Provided records
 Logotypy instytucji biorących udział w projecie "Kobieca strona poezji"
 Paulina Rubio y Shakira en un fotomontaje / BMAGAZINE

* * *

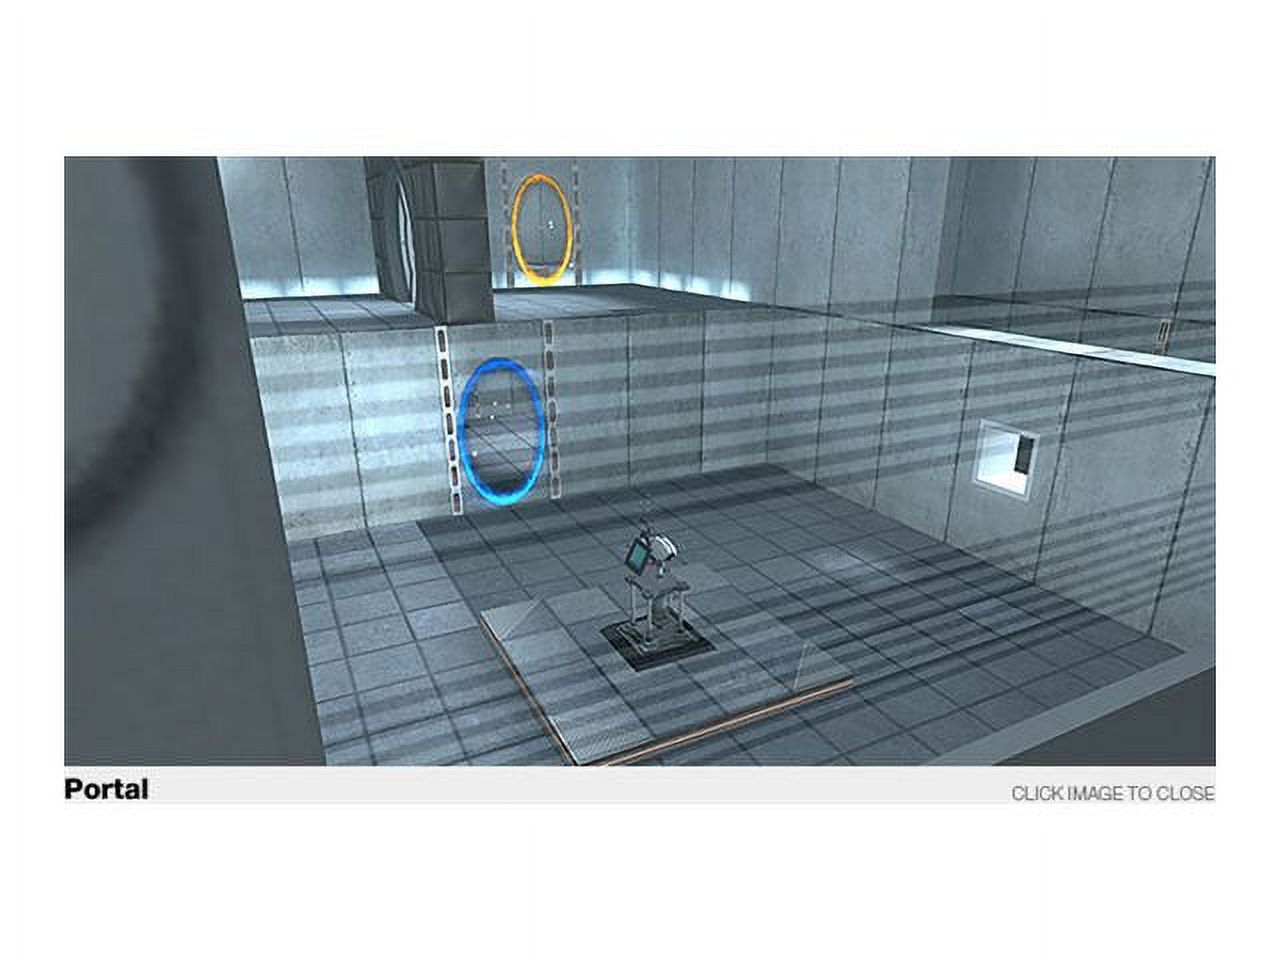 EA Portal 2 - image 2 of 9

==

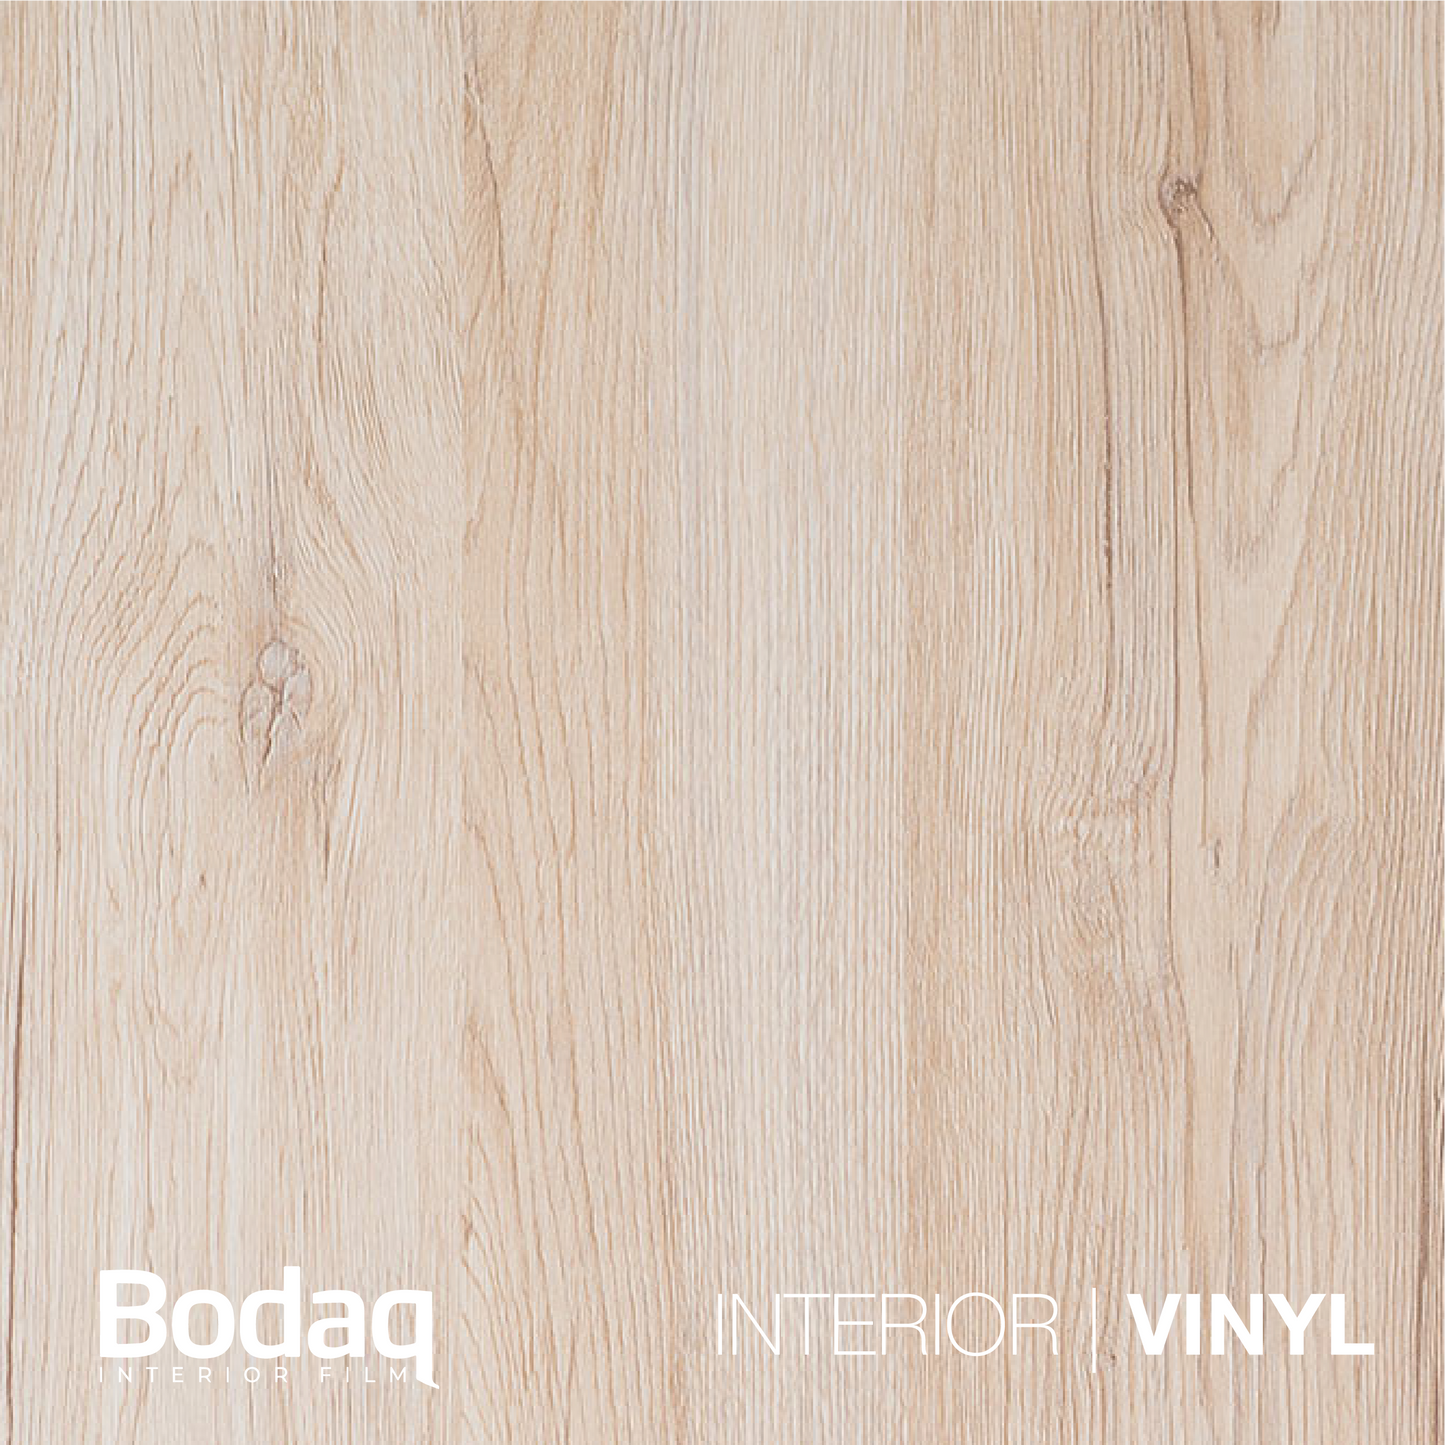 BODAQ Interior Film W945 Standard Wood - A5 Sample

How to complete this task
In the material above, find the line containing "Logotypy instytucji biorących" and the line containing "Paulina Rubio y", then write out exactly those two lines and every line between them, and nothing more.

Result
 Logotypy instytucji biorących udział w projecie "Kobieca strona poezji"
 Paulina Rubio y Shakira en un fotomontaje / BMAGAZINE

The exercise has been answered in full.